Governor of Luhansk Oblast
- In office 19 July 1995 – 19 October 1995
- Preceded by: Eduard Khananov
- Succeeded by: Hennadiy Fomenko

Personal details
- Born: 11 July 1946 Artilne [uk], Ukrainian SSR, Soviet Union
- Died: 2 April 2018 (aged 71) Kyiv, Ukraine

= Petro Kupin =

Ukrainian politician (1946–2018)

Petro Oleksandrovych Kupin (Петро Олександрович Купін; 11 July 1946 – 2 April 2018) was a Ukrainian politician who served as the governor of Luhansk Oblast in 1995. He also served as the chairman of the Luhansk Oblast Council from 1994 to 1995.

==Biography==
Petro Kupin was born on 11 July 1946. In 1959, he graduated from the technical collection of metals at the Kharkiv Tractor Plant.

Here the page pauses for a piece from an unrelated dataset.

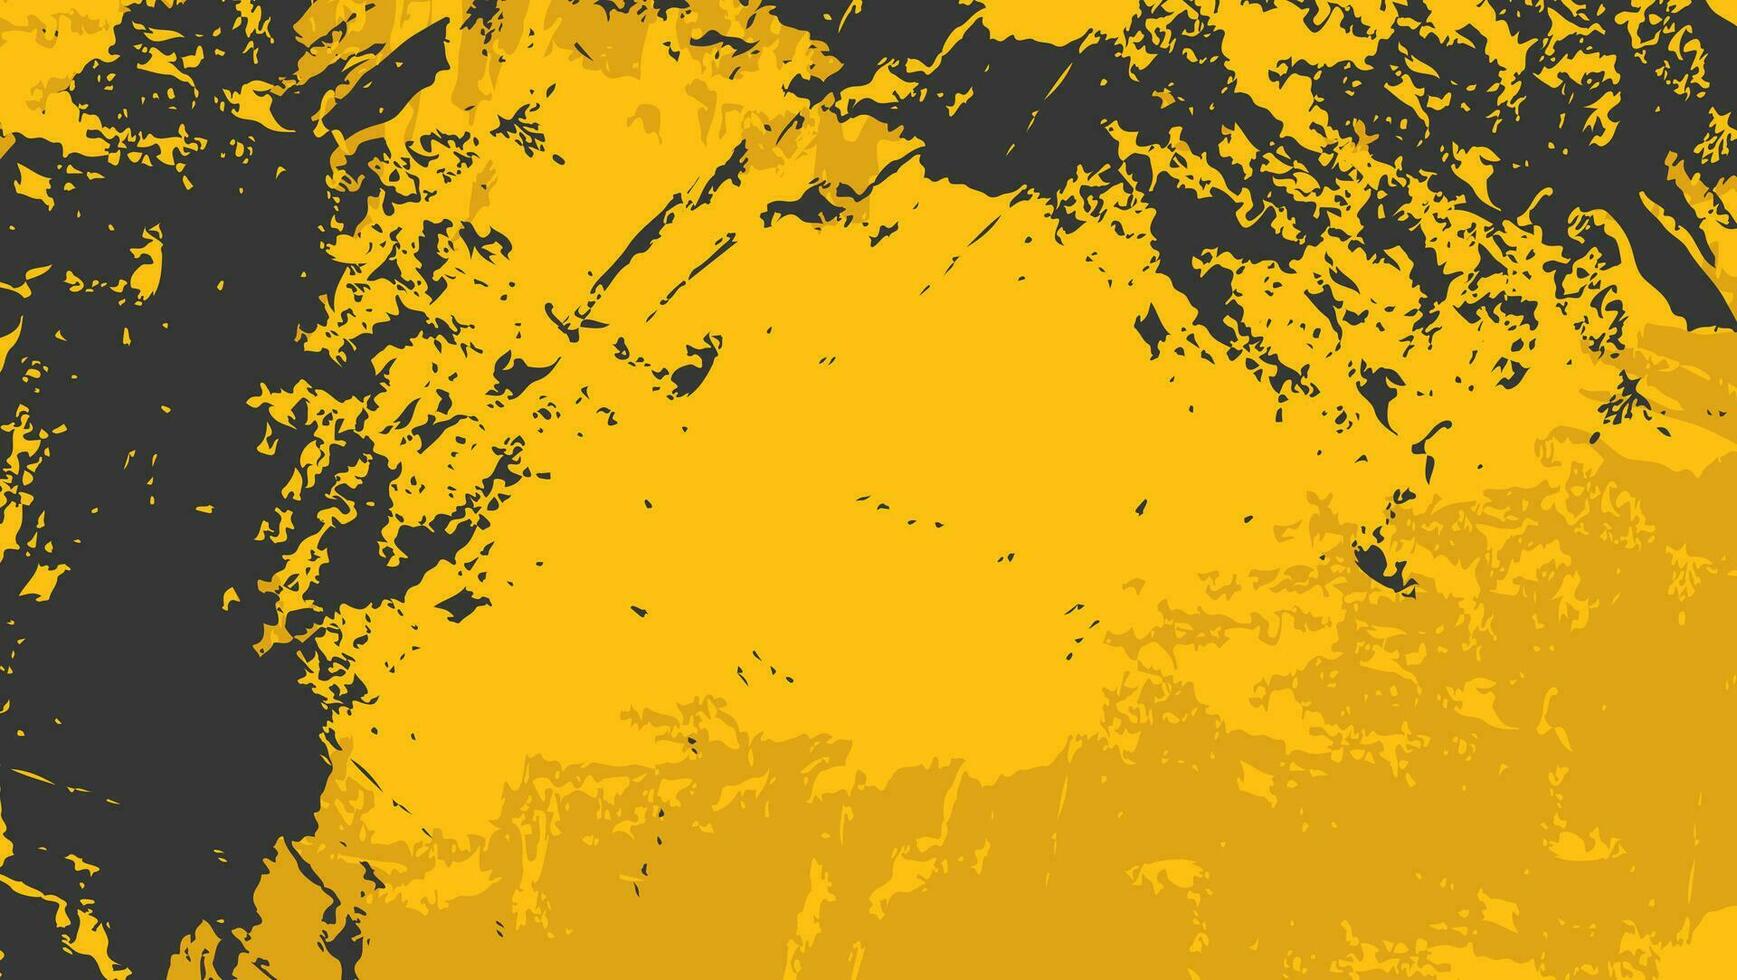 astratto giallo nero graffio grunge texture di sfondo vettore

He started working at the Kharkiv Tractor Plant as an employee. He served in the Soviet Army. He worked at the Kharkiv Research Physics and Technical Institute. He was then the head of the department, the head of the district of the Kommunarsk Metallurgical Plant in Voroshilovgrad Oblast. He had been a member of the Communist Party of the Soviet Union.

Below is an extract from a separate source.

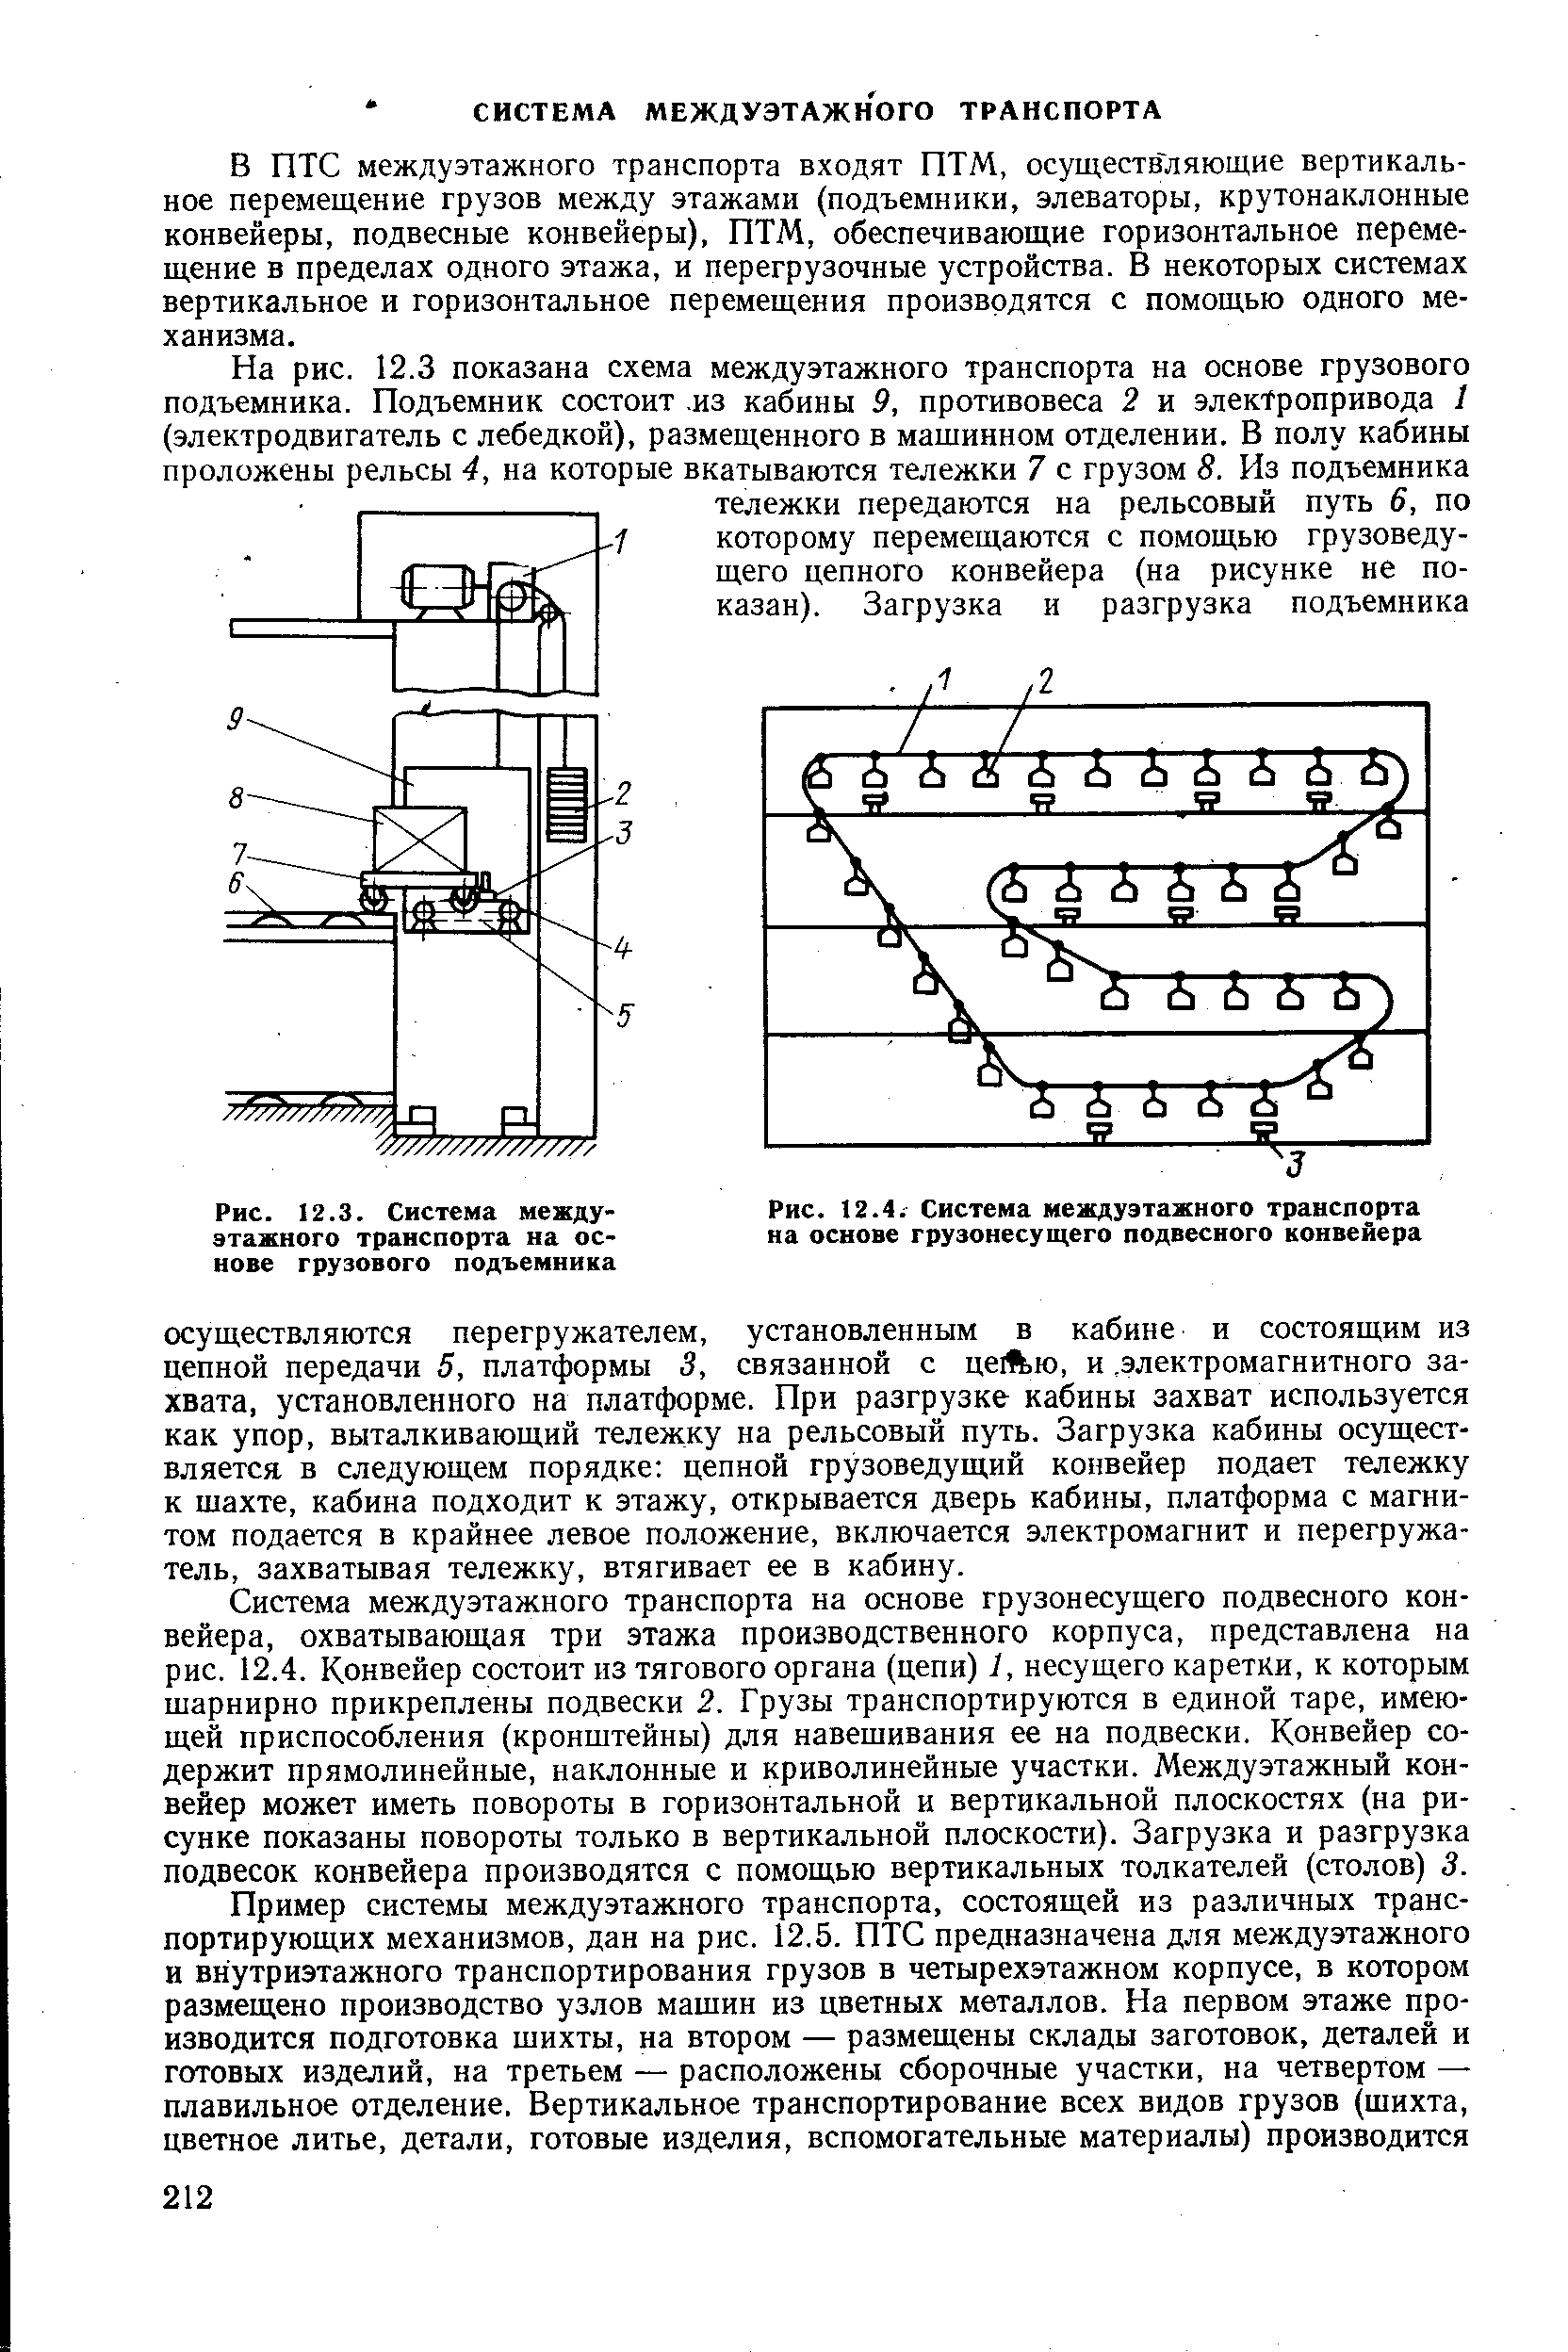 Рис. 12.4 Система междуэтажного транспорта на основе <a href="/info/220363">грузонесущего подвесного</a> конвейера

In 1975, Kupin graduated from the Kommunarsk Mining-Metallurgical Institute, Voroshilovgrad Oblast in absentia. Then he was on party work. From December 1991 to July 1994, he was the deputy head of the Luhansk Regional Department of the Ukrainian Fund for Social Protection of Persons with Disabilities. On 10 July 1994, Kupin became the chairman of the Luhansk Oblast Council and the Regional Executive Committee.

On 19 July 1995, Kupin became the governor of Luhansk Oblast. On 19 October 1995, he left office to take over as the Deputy Chairman as the State Customs Committee of Ukraine. In January 1997, he was promoted as the deputy head of the State Customs Service of Ukraine. On 8 June 1998, he left office.

From 2003 to 2008, Kupin was the head of the National Security and Defense Council of Ukraine, subsequently retiring.

Kupin died on 2 April 2018. He was buried in the columbarium of the Baikove Cemetery.